# Am I the only one?



## Lenny0264 (Feb 11, 2012)

I don't see anything about this watch in this forum, the Miyota Classic Automatic. Am I the only one who likes it? Finding WUS helped me to find Laco watches and now there are about four others I'd like to own. I ordered this one from Greg at Watchmann.com. Just waiting for it to come in. Does anyone else have this one? How do you like it?


----------



## Uwe W. (Jan 7, 2009)

You're not the only one; I'm nuts about that watch. And I'll be honest, only because it reminds me a lot of a watch that I already own (see below). Even the strap is a perfect representation of the original ones that were issued with the watch. I've come very close to buying this from the Laco Shop on several occasions, most recently this past weekend. The EUR is very weak right now and I know it would be a good time to get it, but I honestly can't decide if I should go for the Miyota or the smaller ETA. The ETA would better match my other watch and is more historically correct size wise.

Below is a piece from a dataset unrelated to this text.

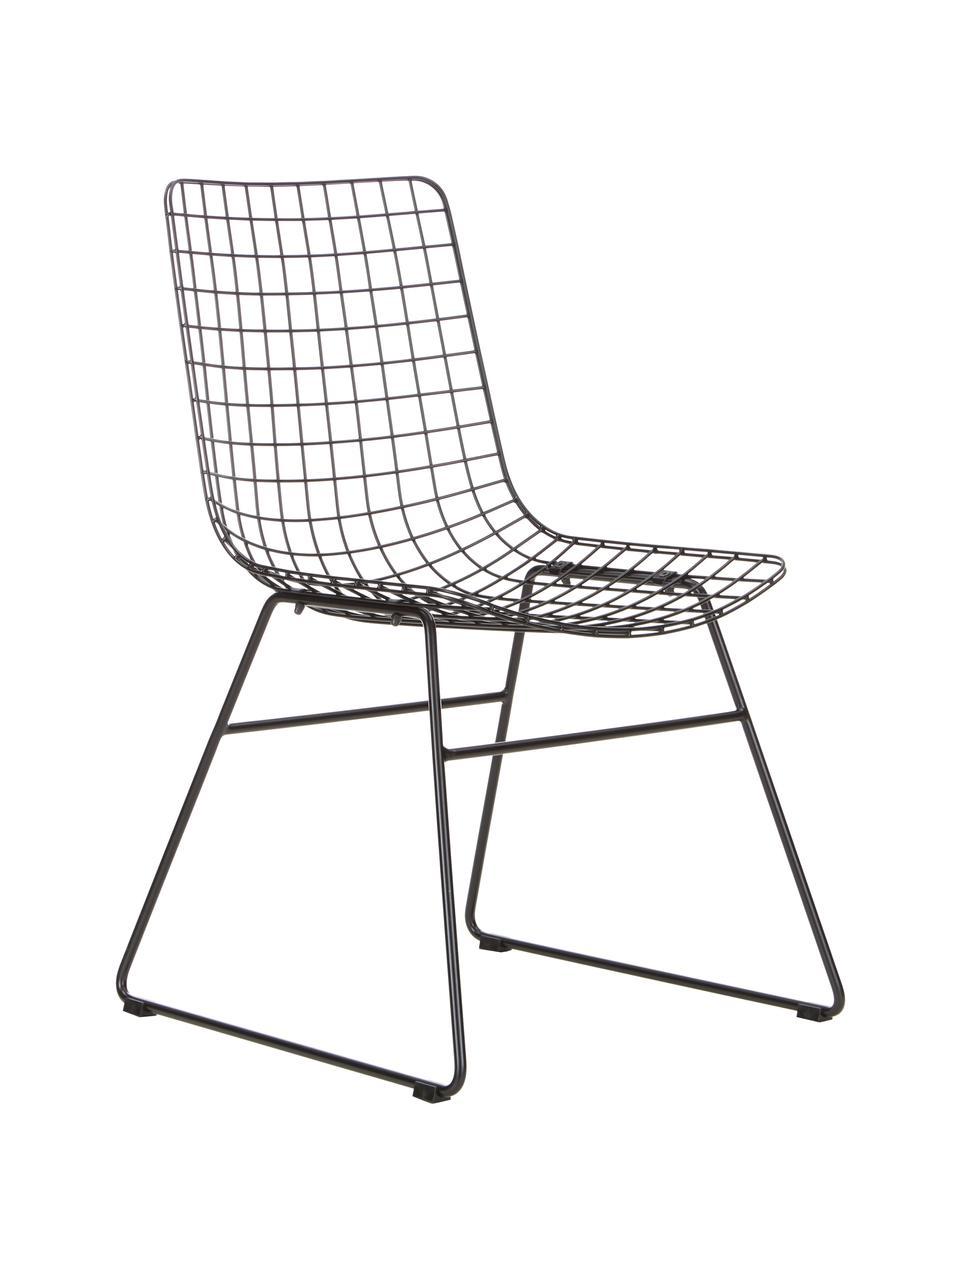 Sedia in metallo nero Wire, Metallo verniciato a polvere, Nero, Larg. 47 x Prof. 54 cm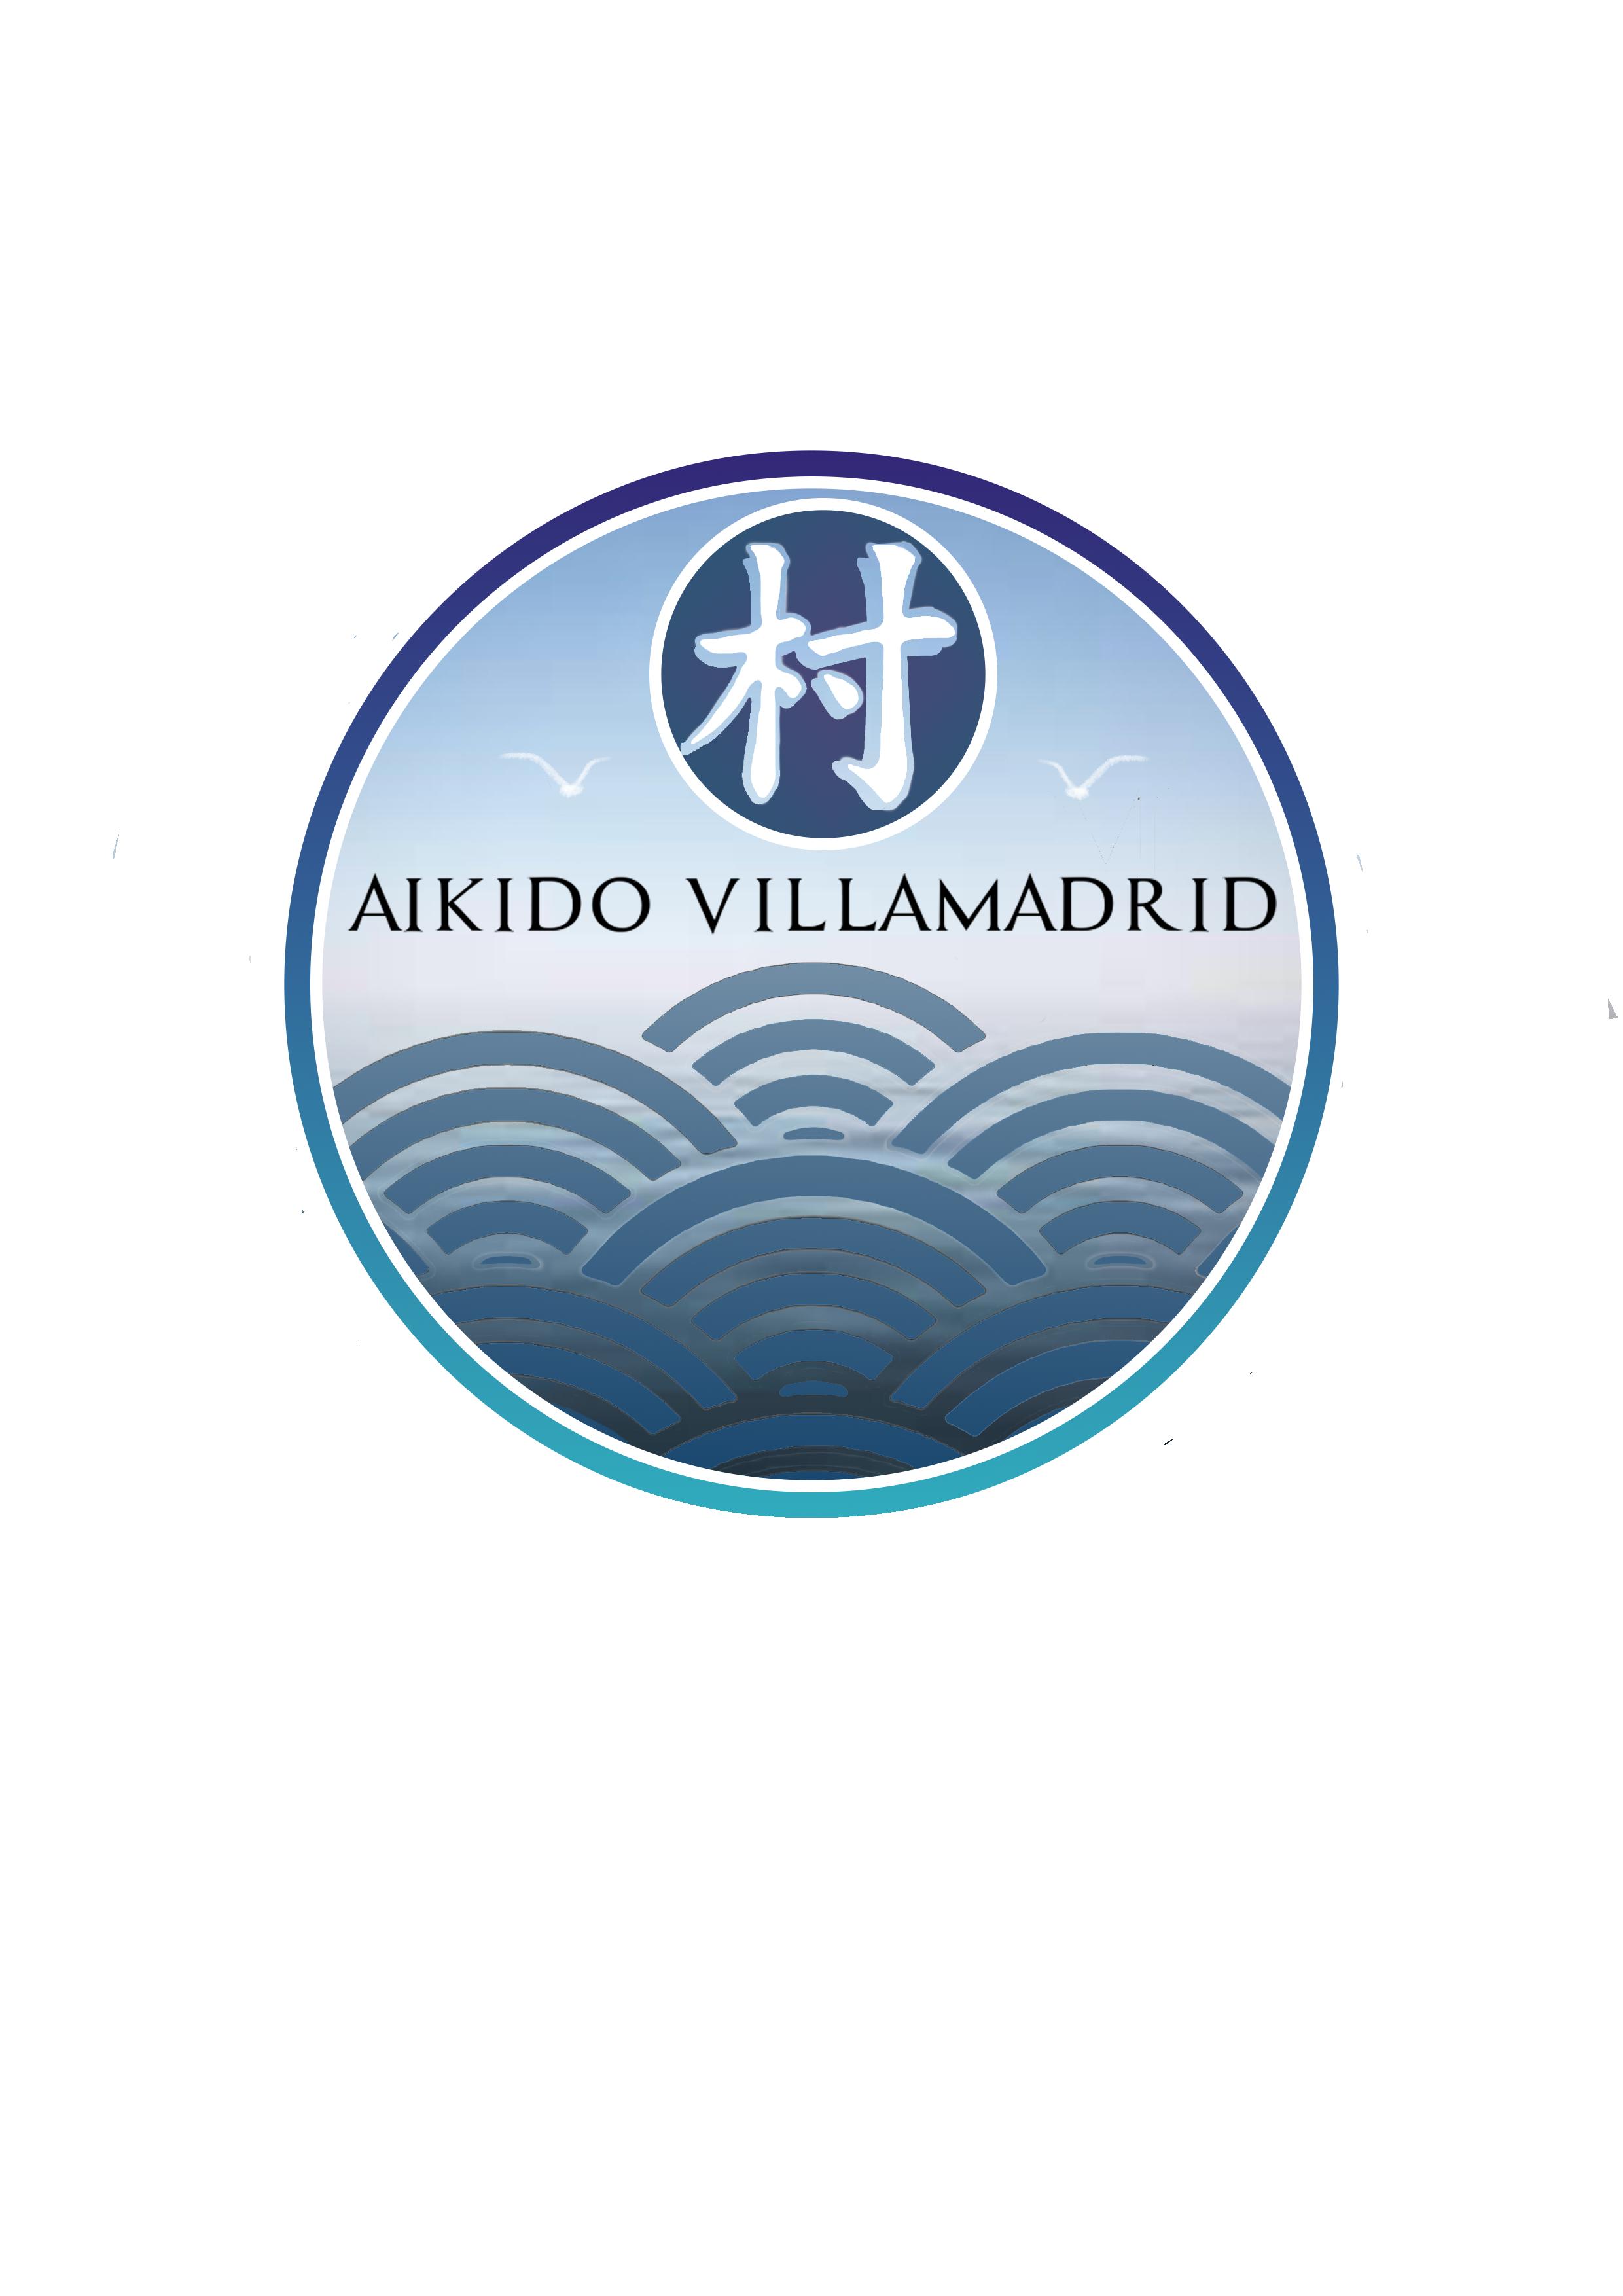 Aikido en Madrid. Logo Aikido Villamadrid

I can't wait to see your photos - you will post a few photos I hope - because I'd really like to see this model on someone's wrist.


----------



## Lenny0264 (Feb 11, 2012)

Thanks Uwe. I'm glad to hear I'm not the only one. I was looking at the one you like because of the ETA movement. I have one in my Airboss Mechanical. I decided not to when I saw it was 36mm. Anything smaller than 39mm looks odd on my 7.5 inch wrist.
Very nice Stowa, I can see why you would like the Laco Classic.
I will post pics as soon as I get. I'll have to get my wife's help for that, she has the good camera and better computer skills.


----------



## 47 Ronin (Feb 6, 2012)

Hi Lenny!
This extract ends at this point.